William Marshal’s story, as the verse biography tells it, is almost entirely without courtly overtones, it is true; but it is in a courtly light, Professor Duby suggests (ingeniously and I think convincingly) that we may read one of its most interesting interludes, the tale of how William was accused by jealous peers to his lord young Henry of an adulterous liaison with Henry’s wife, Queen Margaret. The verse history’s account of William’s offer to rebut the charge in a duel with anyone who would challenge him openly (a challenge none would take up) brings us to the brink, though only to the brink, of a scene very familiar from the romantic knightly narratives of the adulterous loves of Tristram and Lancelot. Does it go no further because William, loyal once again, did not in his old age see fit to retail the story of his young affections? Professor Duby, I think, would like to answer yes to this question; and I think he may be right.

In his account of William Marshal’s early life Professor Duby is able also to pursue another theme of social importance, the way in which, as he sees it, the knightly ethic of the late twelfth century was becoming strained in its relation with practical reality by the chivalrous aversion to the power of money.

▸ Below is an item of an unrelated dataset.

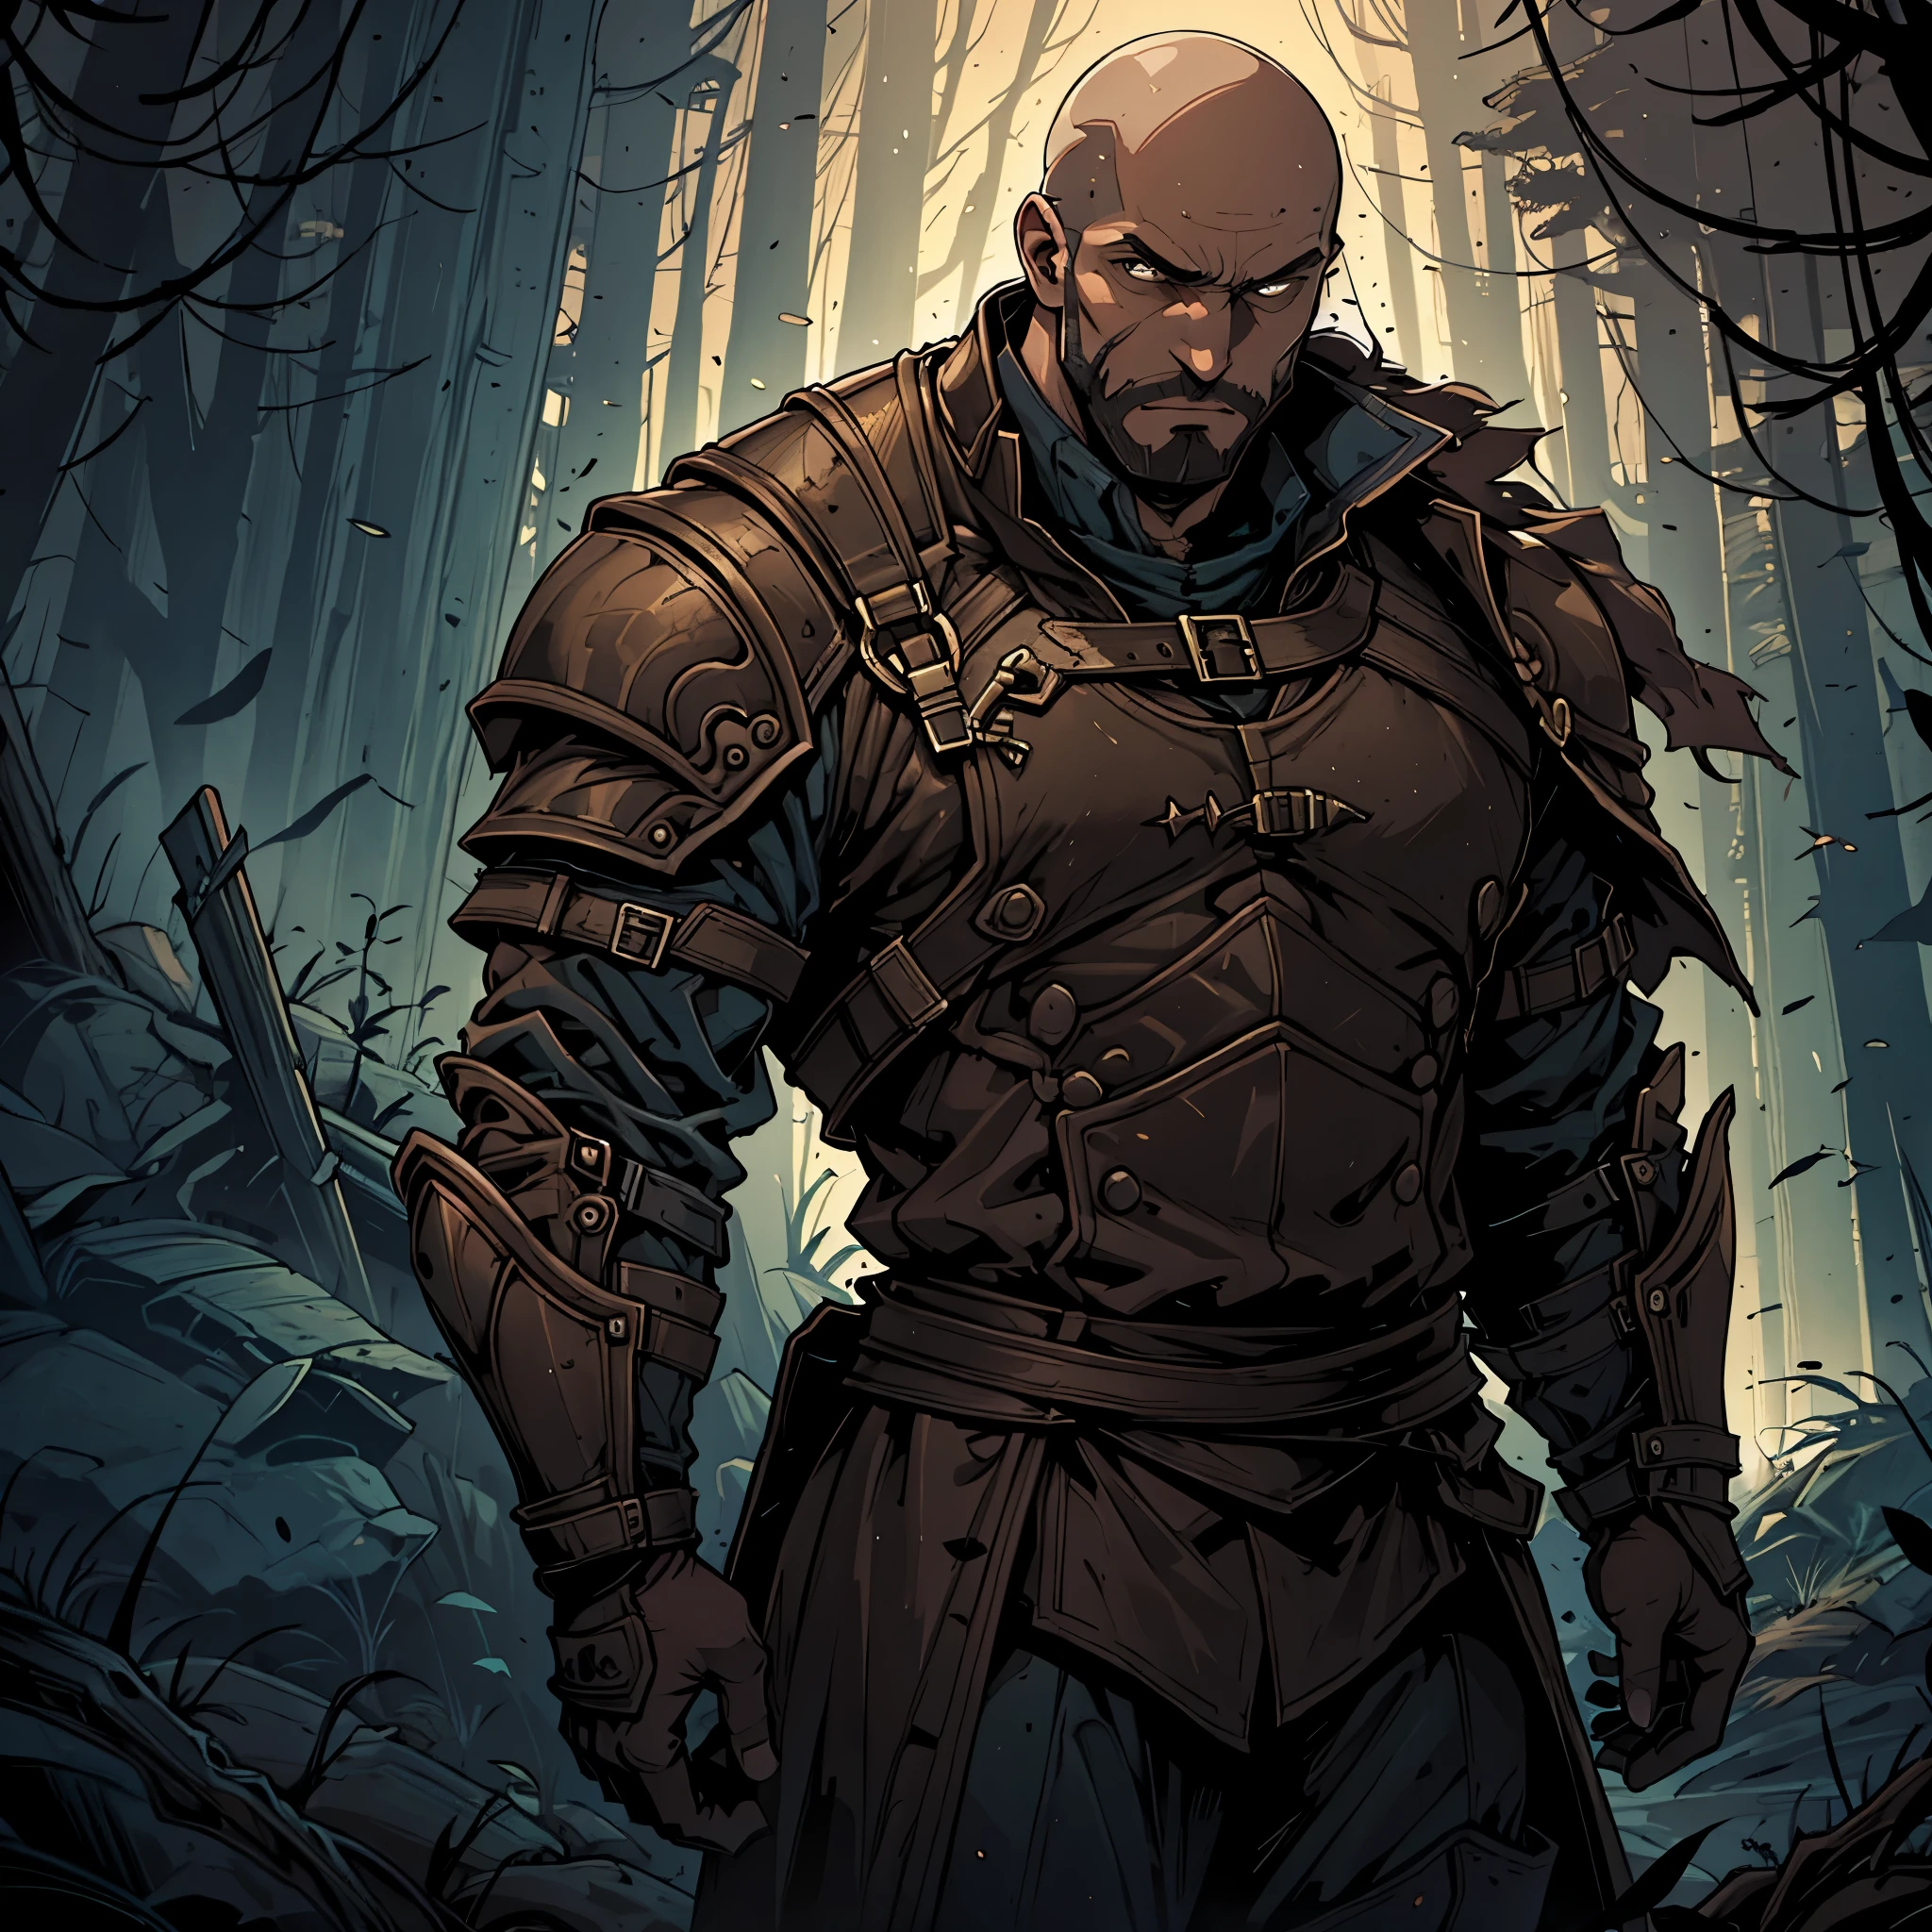 30 year old man, he is bald, with a brown beard, brown eyes, he is a knight-errant, very charismatic, serious look. Alone in a dark forest at night

Chivalry’s tough and masculine martial spirit, its exultation over blows and gifts of weapons and horses, had been created in a preceding age when, as Duby puts it, “gift and countergift constituted almost everything which, in the movement of wealth, did not proceed from inheritance.” Knighthood overreacted against the growing power of money by rejoicing in foolish extravagance and reveling in running into debt; and the reverse side of this coin was a sharpening of the perennial quest for inheritance, for marriage to a good heiress of landed fortune.

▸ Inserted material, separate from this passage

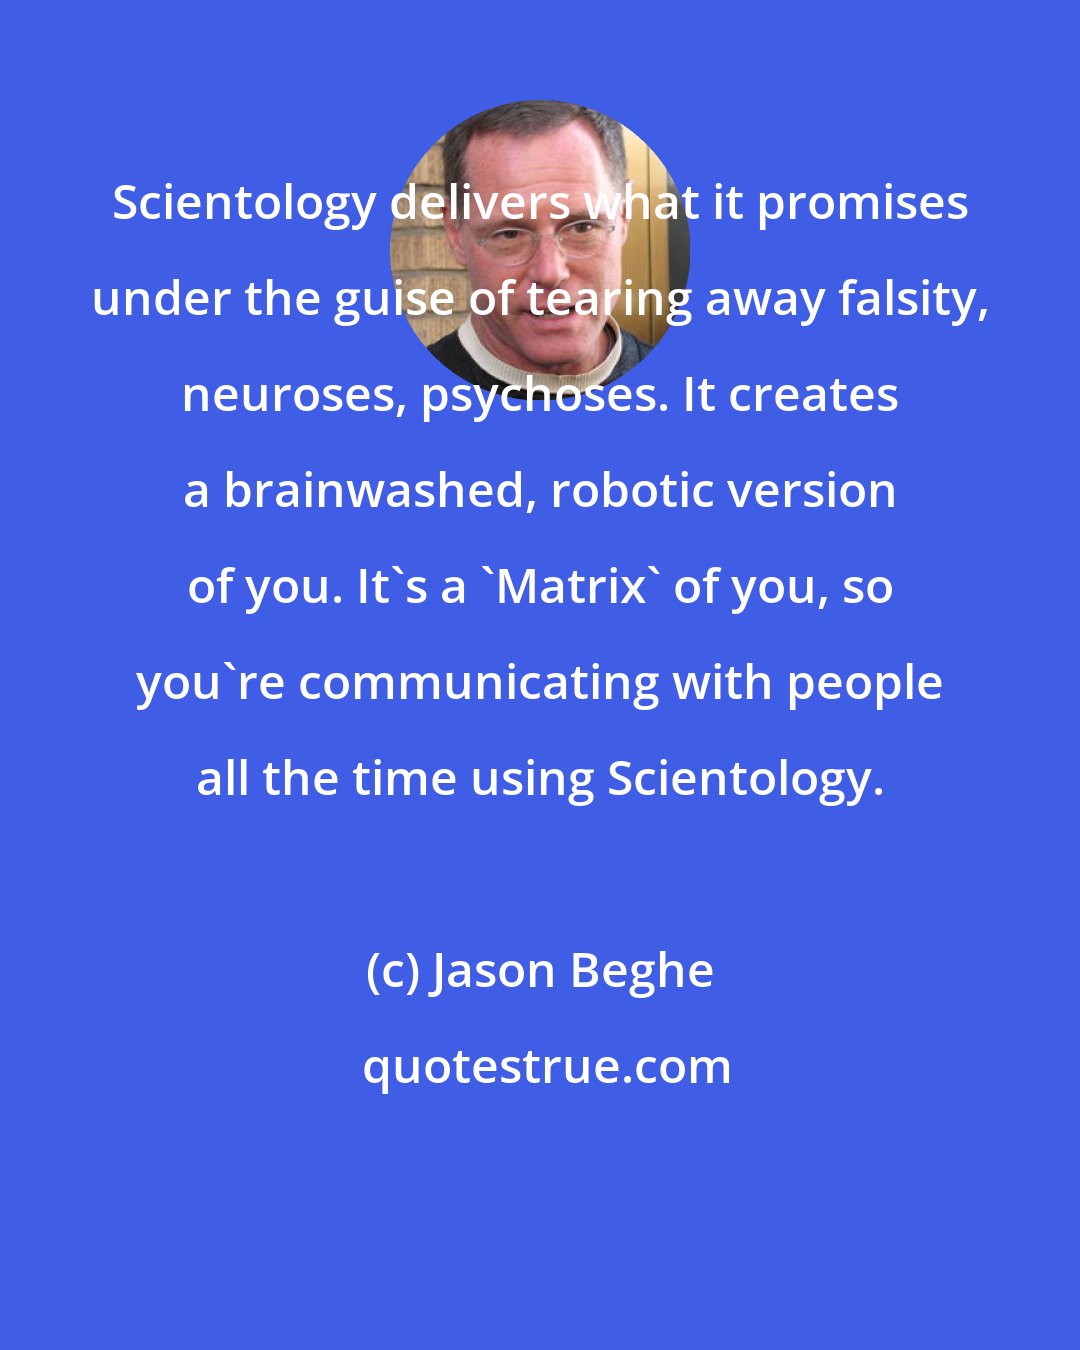 Jason Beghe: Scientology delivers what it promises under the guise of tearing away falsity, neuroses, psychoses. It creates a brainwashed, robotic version of you. It's a 'Matrix' of you, so you're communicating with people all the time using Scientology.

These reactions of twelfth-century knighthood had important long-term effects in the history of aristocratic life and culture. It may be that, as a consequence of the very long period during which William Marshal remained unmarried, and of his single-minded devotion as a “bachelor” to arms, Professor Duby has here allowed his picture of the male dominance and strictly martial inclination of the society he is describing to become somewhat overdrawn. Twelfth-century history would not be the same without the great women of independent spirit—and in some cases independent authority—who left their mark on it: the empress Matilda, Eleanor of Aquitaine, Héloïse, Marie de France. And there were aristocratic households where there was a little more attention to administration and a little less to tournaments than was the case with that of Henry the Young King. Nevertheless, Professor Duby is surely right in his emphasis on the old-fashioned quality of the Marshal’s biography, with its stern military tone, its demanding and dangerous warrior ethic, and above all its nostalgia for what is conceived as a heroic past still within the reach of memory, but receding—the past of the Marshal’s youth that men knew would not quite be seen again.

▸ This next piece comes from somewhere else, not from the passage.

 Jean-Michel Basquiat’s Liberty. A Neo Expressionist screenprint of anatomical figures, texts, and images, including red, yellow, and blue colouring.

From a single source, and in a book of small compass, Professor Duby has reconstructed a living picture of a particular sector of society at a crucial moment, at the brink of great change. The vividness, the intimacy, and the historical perception with which he presents his picture of the fascinating and eventful life of the Marshal, and of the world in which he lived, will win him readers not just among scholars, but among all who are drawn by the unending interest of the humanity of the human past.